Ugh, It's A Bug: Health Risks From Mosquitos, Ticks Creep Up




Since 1897, when a mosquito was first found to be carrying malaria, the relationship between insects and human disease has been well-established.

Yet we don’t normally think of bug-fighters as healthcare warriors.

So, as my area of the country (the Northeast) prepares for a fight against expected mosquito and tick infestations, let’s salute those bug-fighters, whether they come in the form of consumer insecticides or human exterminators.

On the CPG front, Procter & Gamble’s natural insecticide Zevo, which last year launched its first national ads for its “people-friendly” Flying Insect Trap and Multi Insect Killing Spray, has just expanded with a line of On-Body Mosquito + Tick Repellents



Available in three forms -- aerosol, pump spray and lotion -- all “have been formulated to repel ticks that may carry Lyme disease in addition to mosquitoes that may carry Zika, Chikungunya, Dengue fever and West Nile,” P&G says.

That’s speaking my language, since the 90-year-old National Pest Management Association (NPMA), representing more than 5,500 exterminators across the country, has just published a mainstay in its marketing arsenal: the biannual Bug Barometer.
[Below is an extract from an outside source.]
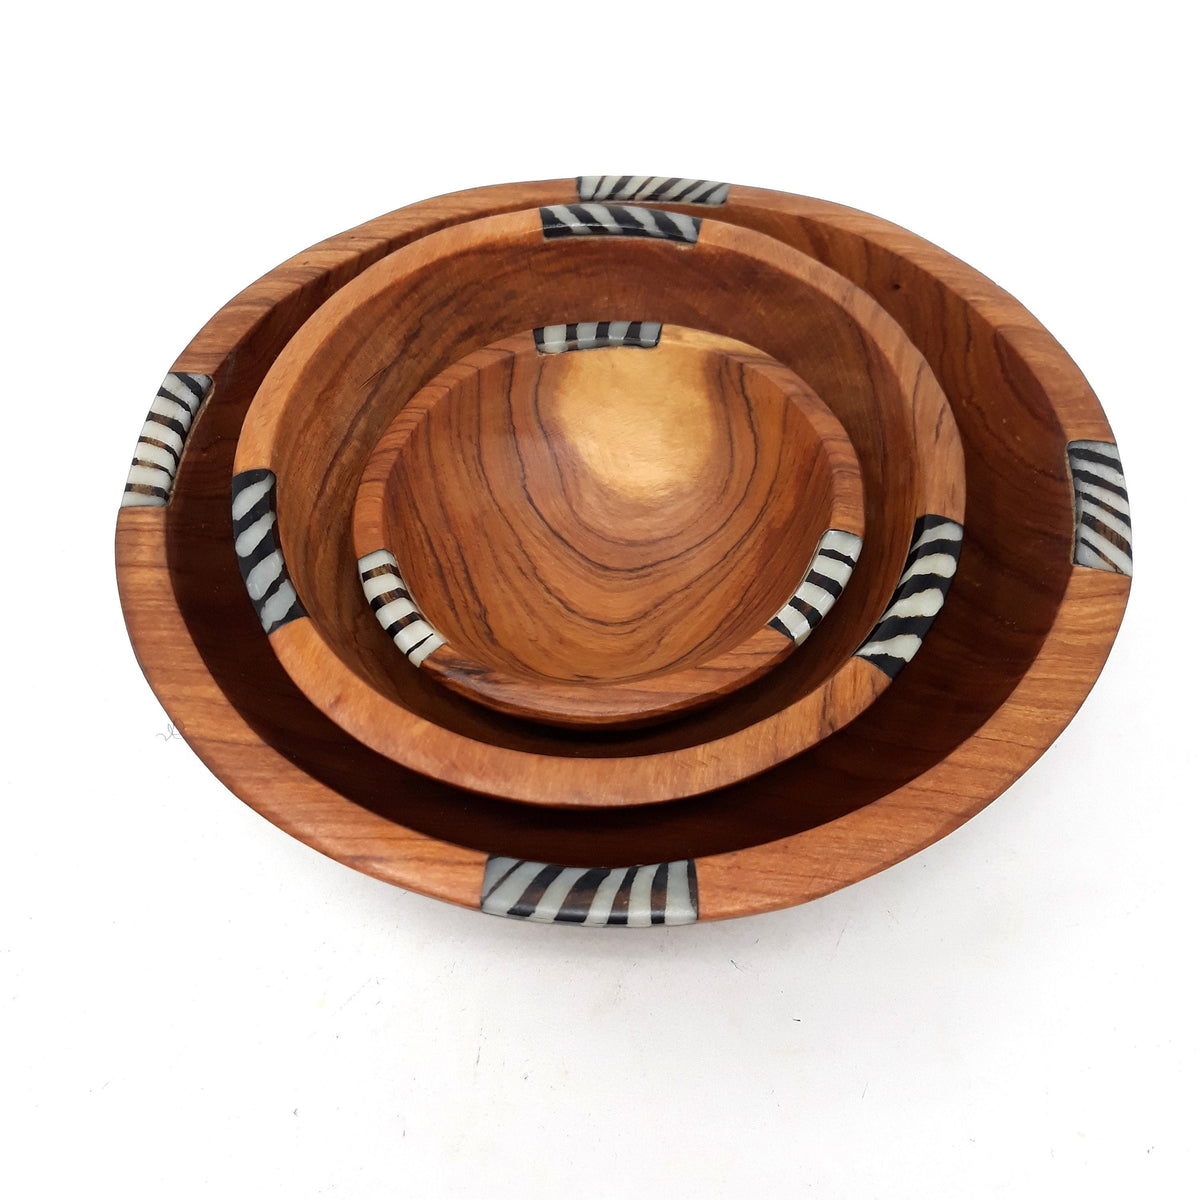 Set of 3 wooden bowls, Handmade wooden bowl, Decorative rustic bowl, Farmhouse wood bowl, wooden snack bowls, set of wood bowls, Olivewood

And it’s not a pretty picture.

Based on weather patterns, long-term forecasts and pest biology, the Association says that tick, mosquito and termite populations are expected to thrive in the Northeast this spring and summer. “These pests are a serious concern as they can transmit dangerous diseases and cause structural damage to your home,” Jim Fredericks, NPMA’s senior vice president of public affairs, said in a statement.

To help get the word out about the health hazards of pests, NPMA also offers several :30 and :60 PSAs, which direct viewers to “get the facts” at its website, The group has even produced several video series, including most recently the six-part animated “Invasive Species,” examining bugs like the Asian longhornedtick.

NPMA has also launched a website completely devoted to ticks, as well as a “Tick Talk” video series.

Living in Brooklyn, I was already on guard, due to NPMA’s February release of its biannual Vector Sectors list of the top 10 U.S. cities with the greatest risk of increased infestation by “vector” critters -- those bugs that  carry diseases.

New York City made the list, thanks to a milder than usual winter resulting in more ticks “being active on warm days in the late winter and early spring.”

At around the same time last month, I also received a press release with the following ominous headline: “Climate change likely to turn New York into a breeding ground for dengue-carrying mosquitoes.”

This news came from 10-year-old BlueDot, which describes itself as “a leading artificial and human intelligence organization for detecting, assessing, and responding to global infectious disease threats.”

BlueDot, which says it “correctly identified many of the first international cities in which [COVID] would first emerge,” expects Aedes genus mosquitos to move north over the next 10 years as global warming increases, potentially exposing 40 million people in New York, Beijing, London and Toronto alone to such diseases as dengue, Zika, yellow fever and chikungunya.

“The results underline the need for education on mosquito-borne diseases,” BlueDot says, “and procurement of medical and safety countermeasures such as insect repellent, removal of standing water, appropriate clothing or netting, and vaccinations (where applicable).”

I’d add exterminators to that list, but mostly -- due to the brand’s promised non-sticky and odorless properties -- I expect to protect my health by loading  up on Zevo.